日本では13歳、中学1年生から性行為に同意する能力があるとしています。※13歳以上の子どもに対する性行為は成人と同じように扱われる刑法の規定

このため、もしあなたの大切な人たちが、13歳で性的暴行を受けた場合、脅迫されたか、抵抗したかなどを、少年少女自身が具体的に説明しなければなりません。

被害者が激しく抵抗できなければ加害者を罪に問えない「暴行・脅迫要件」また「心神喪失」「抗拒不能」が起訴の要件として残されている「準強制性交等罪」がいまだに存在しているため

私はその事実を知って驚愕でした。



 引用:「13歳」のYES、それは本物?
https://www3.nhk.or.jp/news/html/20200629/k10012487511000.html


抵抗しなかったからYES?


今の日本では、性教育が遅れており中学生でさえも性交について学びません。
それなのに13歳以上で(恐怖や驚愕などにより)抵抗できずに被害にあった場合、それはYESでしょ?とされてしまう現状があります。

不同意であったことを証明しなければならないのは被害者側なのです。


子どもの頃から、性犯罪はすぐそばにあったし、今もそうだと思っています。

大人になってからも子どもへの性教育が世界と余りに遅れており、人権やジェンダー平等教育も後進国だと気付いていましたし、こんな日本じゃ安心して子育てできない…と驚愕でした。
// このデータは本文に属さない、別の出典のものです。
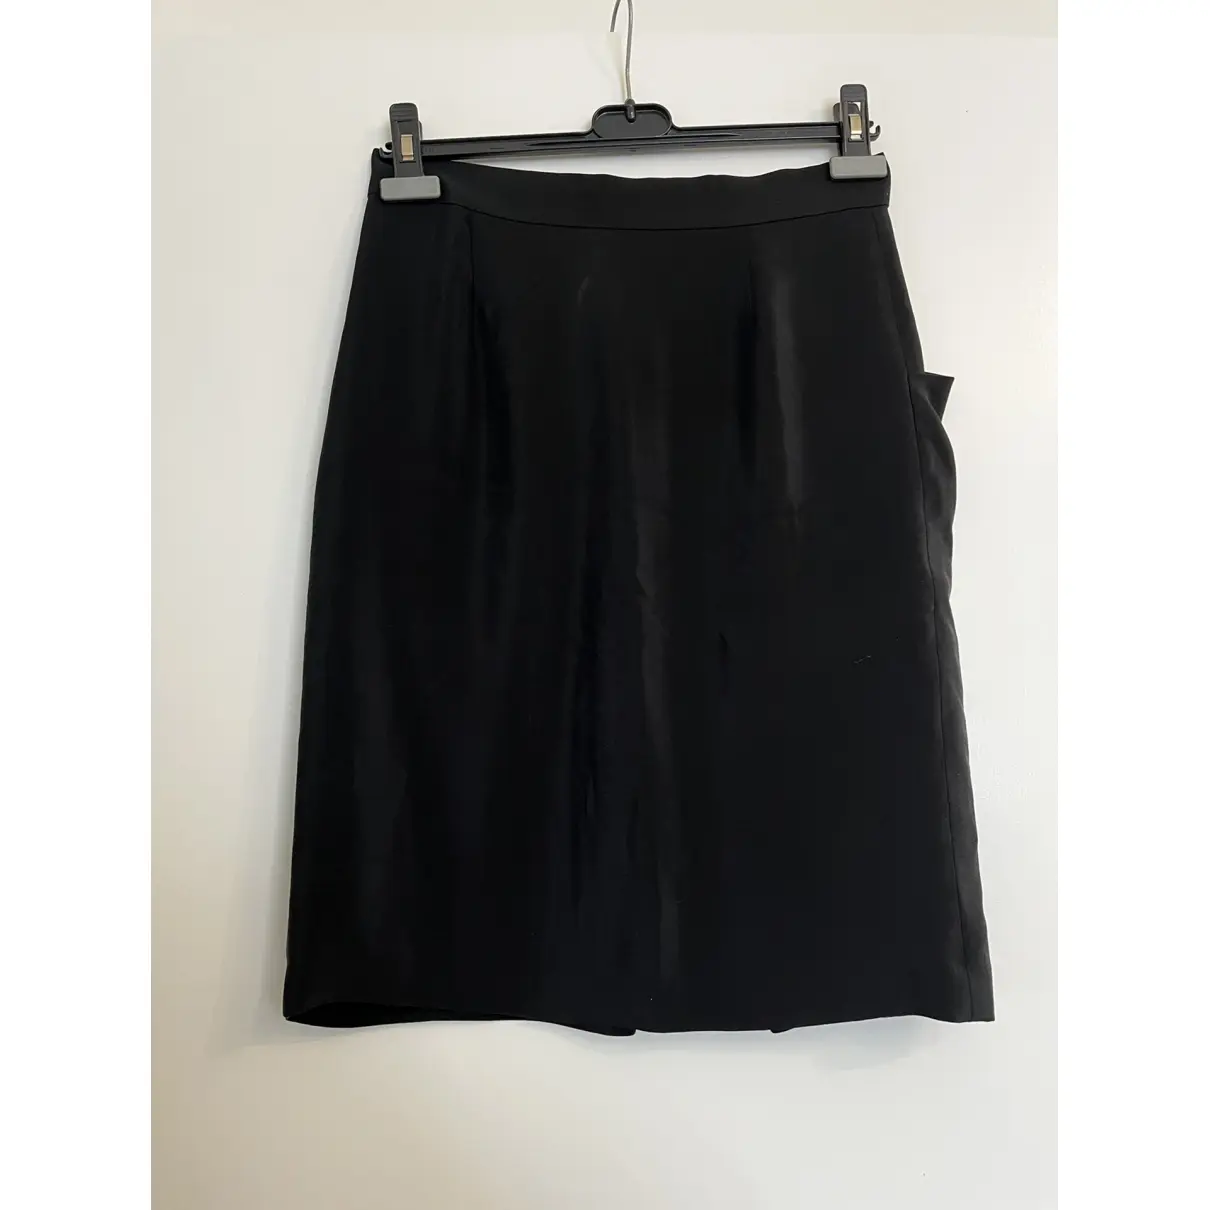 Buy Joseph Silk mid-length skirt online

2017年の110年ぶりの、性犯罪民法改正後の2019年に、地裁段階で相次いだ無罪判決は、フラワーデモのきっかけになりました。

国連は2008年に日本に対し、性的同意年齢の引き上げを勧告する所見を採択していますが、明治時代に決まった13歳という年齢は、2017年の刑法改正では変更されませんでした。


また、2017年の民法改正では、監護者(保護者など)によるわいせつ行為・性交等は、子どもの同意の有無を問わず犯罪となりましたが、教師や家庭教師、コーチ、施設関係者など、子どもを保護・指導する立場の者によるわいせつ行為・性交等はその対象となっておらず、実態に即していません。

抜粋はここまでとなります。